The Ultimate Guide to English Horn Reeds

by | Dec 8, 2016 | Reeds | 5 comments

The Ultimate Guide to English Horn Reeds

Several years ago a great English horn player came in and did a master class for our studio. He graciously provided a multi-page packet with everything you could think of related to the English horn. A few years later, I started to refine my own English horn reed-making process to best suit my personal needs. However, I found there wasn’t much in the way of information online to help guide me with the overwhelming number of shapes, staples, and troubleshooting issues. It is my hope to be able to shed some light on the different variables for oboists who are new to English horn reeds.

The information in this article is original and COPYRIGHT PROTECTED. Please feel free to use this information for personal use only, or contact me at for any other usage rights.

Material List for the Beginner: What you will need?

Tie Length and Tying Tips

The average tie length is about 60mm (measured from the bottom of the staple to the top of the cane). This should work well if you are using a middle of the road EH shape like RDG -1. If your shape is slightly more narrow you may find your reeds seal better at 59mm.
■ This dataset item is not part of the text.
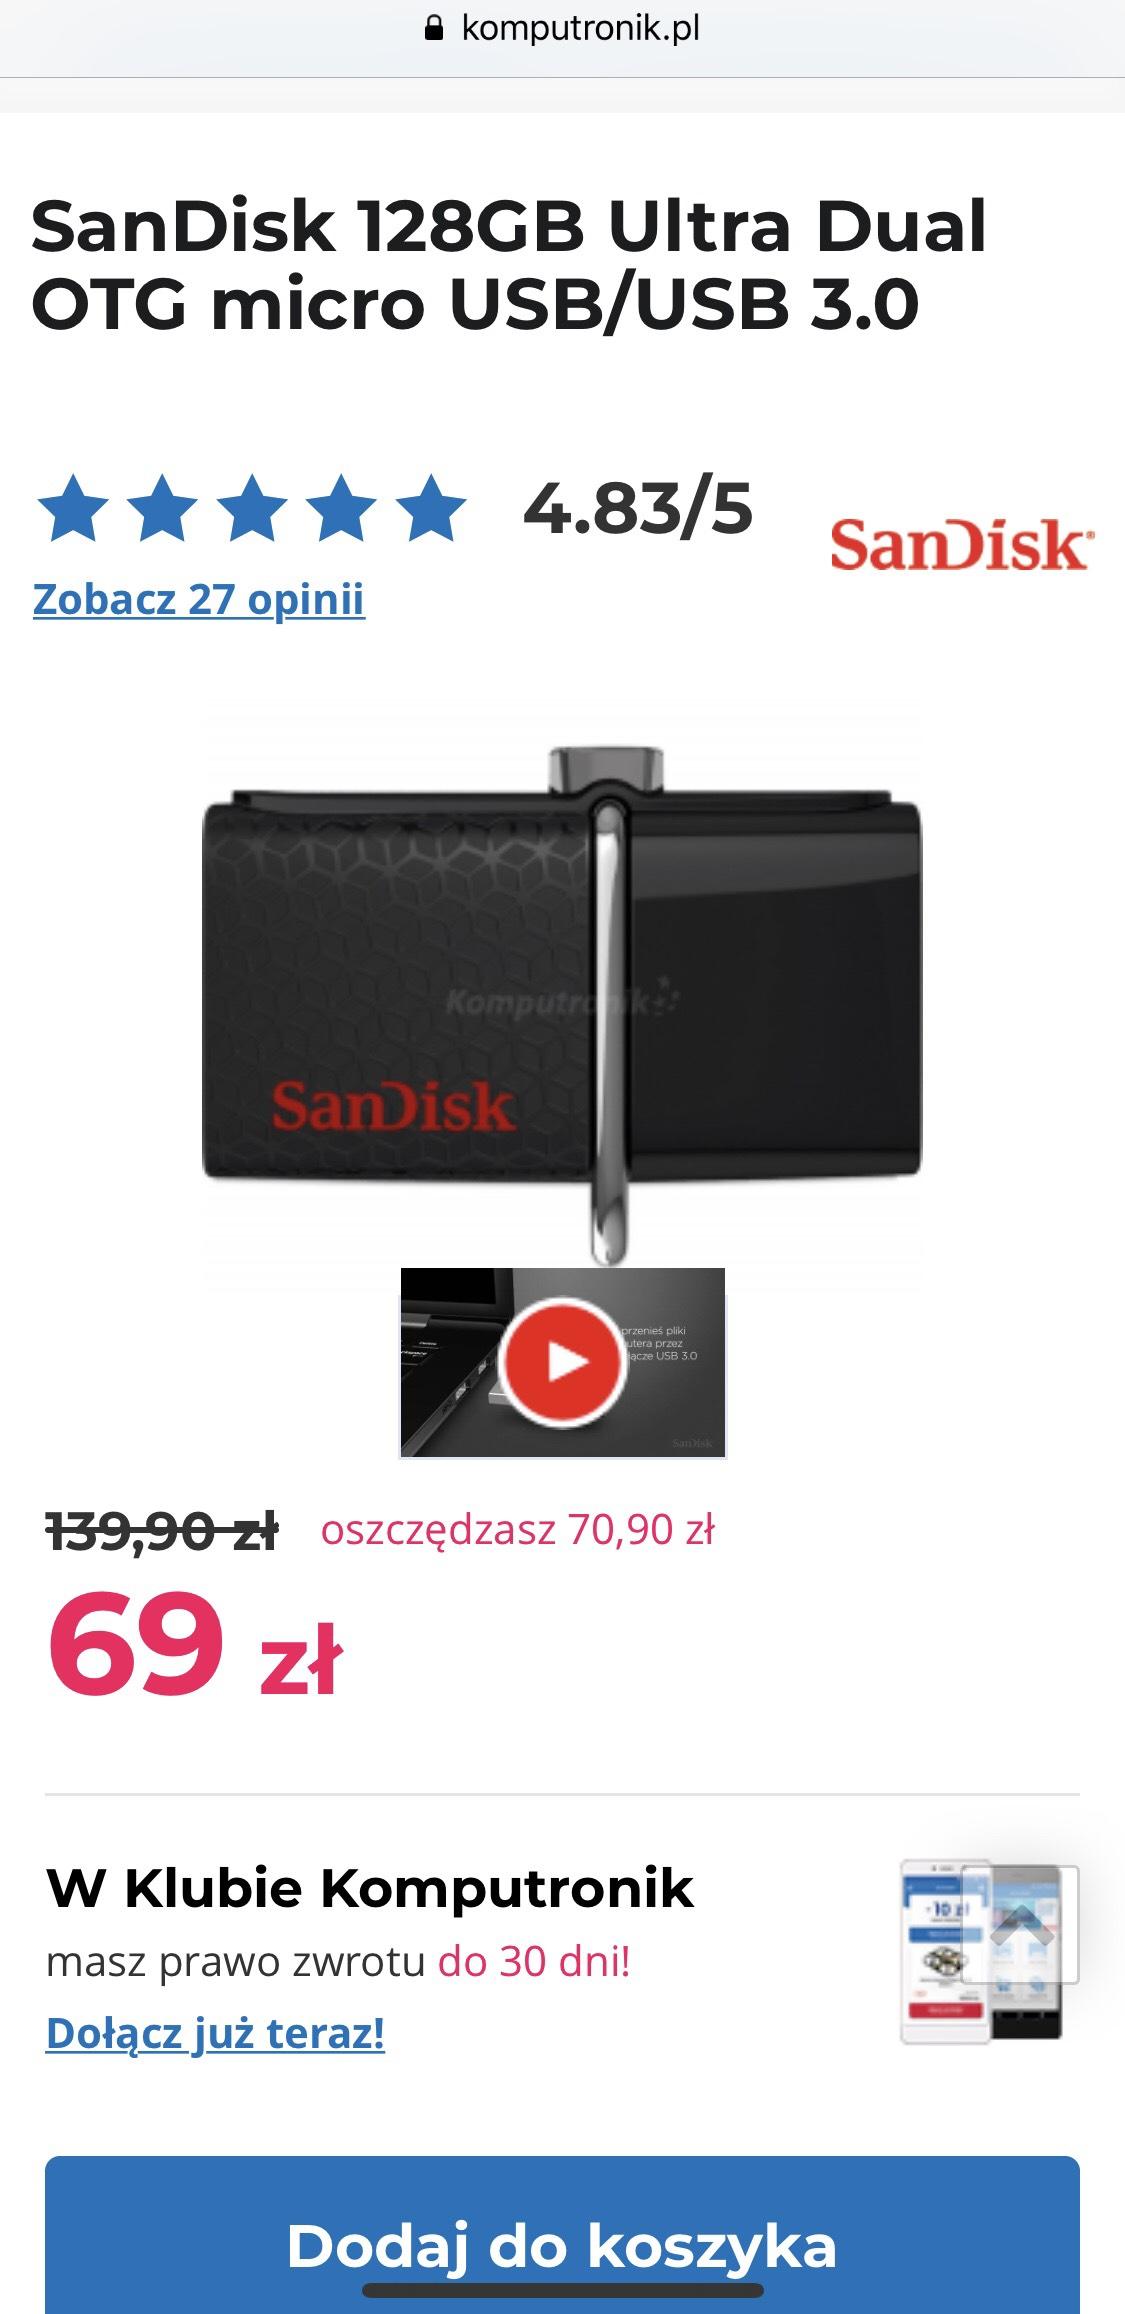 Pendrive SanDisk 128GB Ultra Dual OTG micro USB/USB 3.0
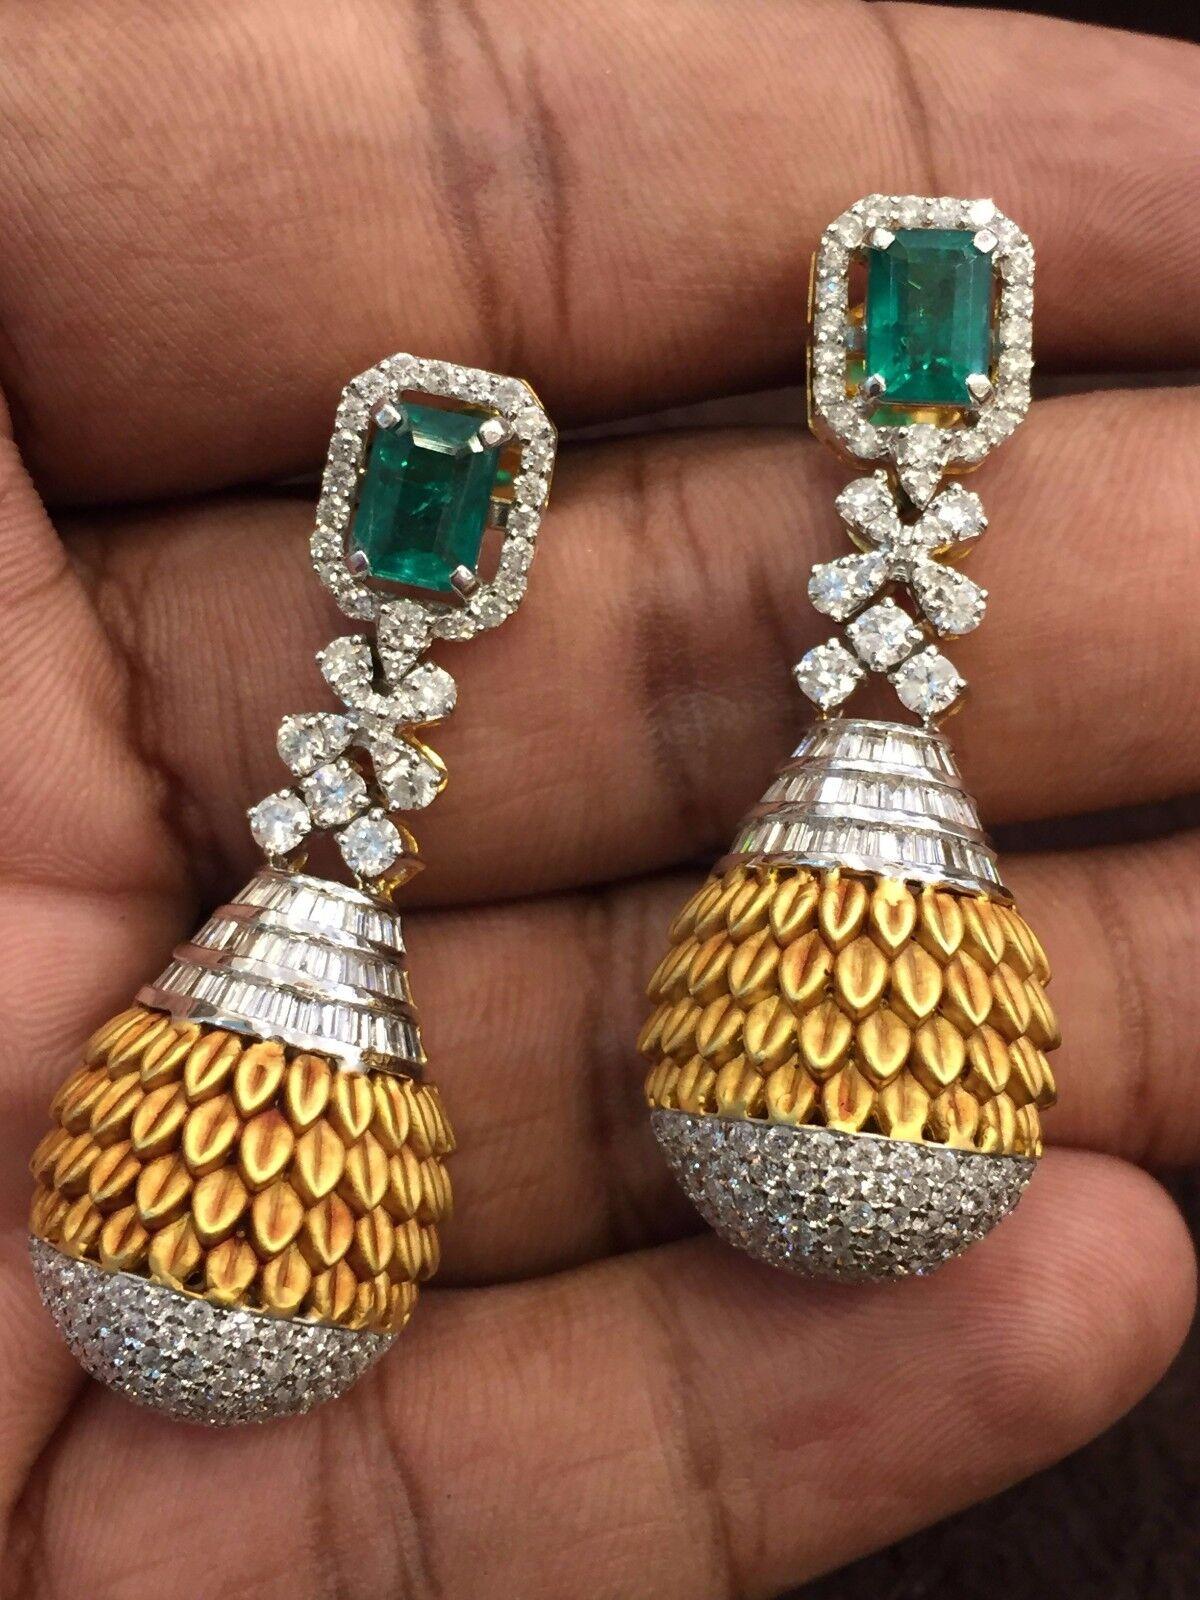 Pave 6.30 Carats Round Baguette Cut Diamonds Emerald Dangle Earrings In 14K gold

And likewise, if you have a wider shape, try tying a little longer.

>> Pro Tip: Tying the thread at 26mm (just below the staple top)
On oboe reeds I’ve always tied my thread right at the top of the staple (at 47mm on a standard staple, but being careful not to tie over the top). I find you can tie your English horn reeds slightly below the staple. As long as the reed doesn’t leak, I’ve found this can help prevent issues.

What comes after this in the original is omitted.